Шмульцер протянул отпечатанные на машинке листы бумаги:
- Вот, господин группенфюрер, последний разговор объекта "Вальтер".
Мюллер быстро прочитал текст.
- Когда состоялся разговор?
- Тридцать пять минут назад.
- Почему не доложили сразу?
- Пока распечатали, запротоколировали…
- Достаточно объяснений. Благодарю. Можете идти.
Как только капитан покинул приемную, шеф гестапо вызвал к себе по телефону унтерштурмфюрера Генриха Шумахера.
Пока тот поднимался с первого этажа на второй, Мюллер перечитал текст более внимательно.
Итак, господин Шелленберг, вот она, та ледяная дорожка, по которой ваша карьера покатится вниз. Значит, план "186". Название придумал явно не Гиммлер. Он сентиментален, конечно, но не до такой степени. "Скорее всего мальчишка, - подумал о Шелленберге Мюллер. - Решил таким образом подластиться к рейхсфюреру". 186 - это был личный порядковый номер Гиммлера в иерархии СС. Да, только молокосос, обожающий всякие интриги, мог такое придумать. Теперь достаточно представить рейхсфюреру все в нужном свете, и ваша роль в ликвидации заговора, господин Мюллер, будет несколько прощена. Хотя и ненадолго. Гиммлер трус. Он всегда был трусом. Не было у него никогда стержня, своеобразного мужского начала. Напакостит - и в кусты. Но мстителен, зараза. А потому еще более опасен.
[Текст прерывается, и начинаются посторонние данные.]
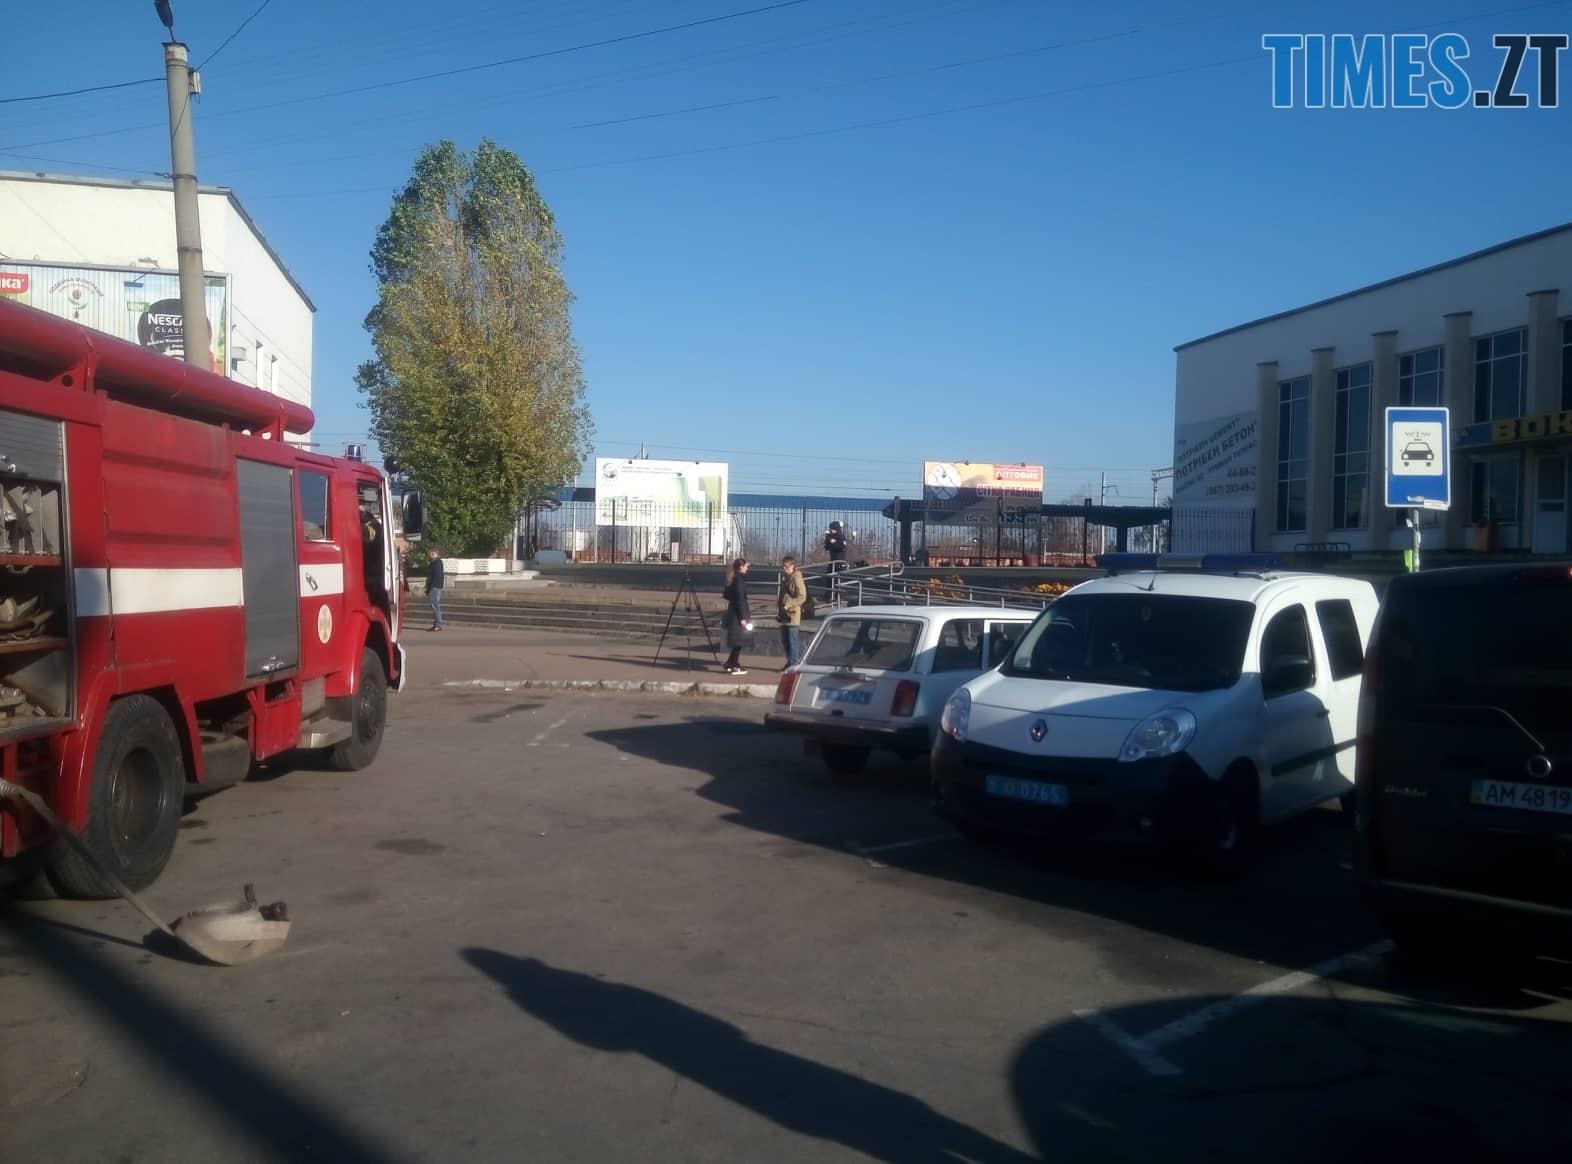 45730403 1984696618493316 6826747141424152576 n - З центрального автовокзалу евакуювали людей та шукають вибухівку (ОНОВЛЕНО)
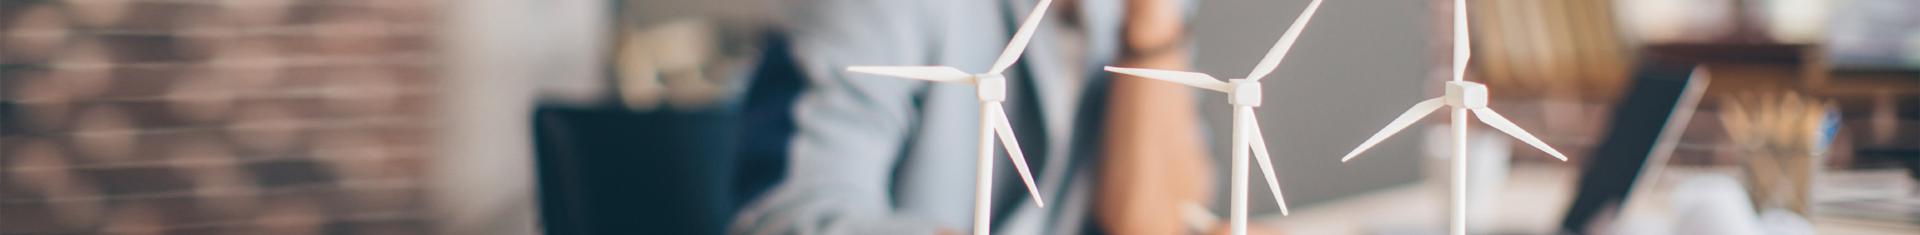 drei kleine Windräder aus Plastik, die als Dekoration auf einem Schreibtisch stehen

Шумахер вошел, как обычно, легкой стремительной походкой.
Мюллер движением руки подозвал его ближе и протянул слегка подкорректированные списки Бормана:
- Это список подлежащих срочному аресту. Те, кто помечен крестом, должны проявить сопротивление… Ты меня понял?
- Так точно, группенфюрер.
Мюллер принюхался:
- Пил сегодня?
- Настойка от зубной боли. С утра дергает. - Шумахер потёр правую щеку.
- Смотри у меня. - Мюллер снова вернулся к списку: - Тех, кто подчеркнут, доставить к нам. Остальных - в Плетцензее.
- Понял, господин группенфюрер.
- И еще одно деликатное дело. Ты знаком со Шмульцером?
- Из отдела VIF?
- Совершенно верно. С ним должен произойти несчастный случай. Сегодня утром. Как только выполнишь, немедленно доложи.
- Немедленно не доложу.
Мюллер вскинул голову:
- То есть?
- После того как выполню работу, схожу к стоматологу. Сил больше нет терпеть. А после доложу.
Мюллер махнул рукой:
- Будь по-твоему.
- Хайль Гитлер! - унтерштурмфюрер покинул помещение приемной.
Мюллер задумчиво посмотрел ему вслед. - "Интересно, кому мы в скором времени будем кричать "хайль"? - мелькнула забавная мысль. - А впрочем, какая разница? Все равно недолго".
* * *
Вместе с другими журналистами и партийными издателями, вызванными в министерство пропаганды, Карл Штольц наблюдал за тем, как Геббельс отдает распоряжения, касающиеся обороны помещения.
Приволакивая искалеченную ногу, министр в нервном возбуждении метался по кабинету. То и дело поглядывая в окно, "Хромоножка" попутно советовал представителям той или иной газеты, как, а главное - на чем, следует фиксировать внимание читателей.
Неожиданно он остановился и, указывая на Штольца, крикнул:
- Бешеные собаки! Все они бешеные! Но ничего! Я спущу своего дьявола с цепи! Мы их всех перевешаем! Всех до единого! Пощады не будет никому!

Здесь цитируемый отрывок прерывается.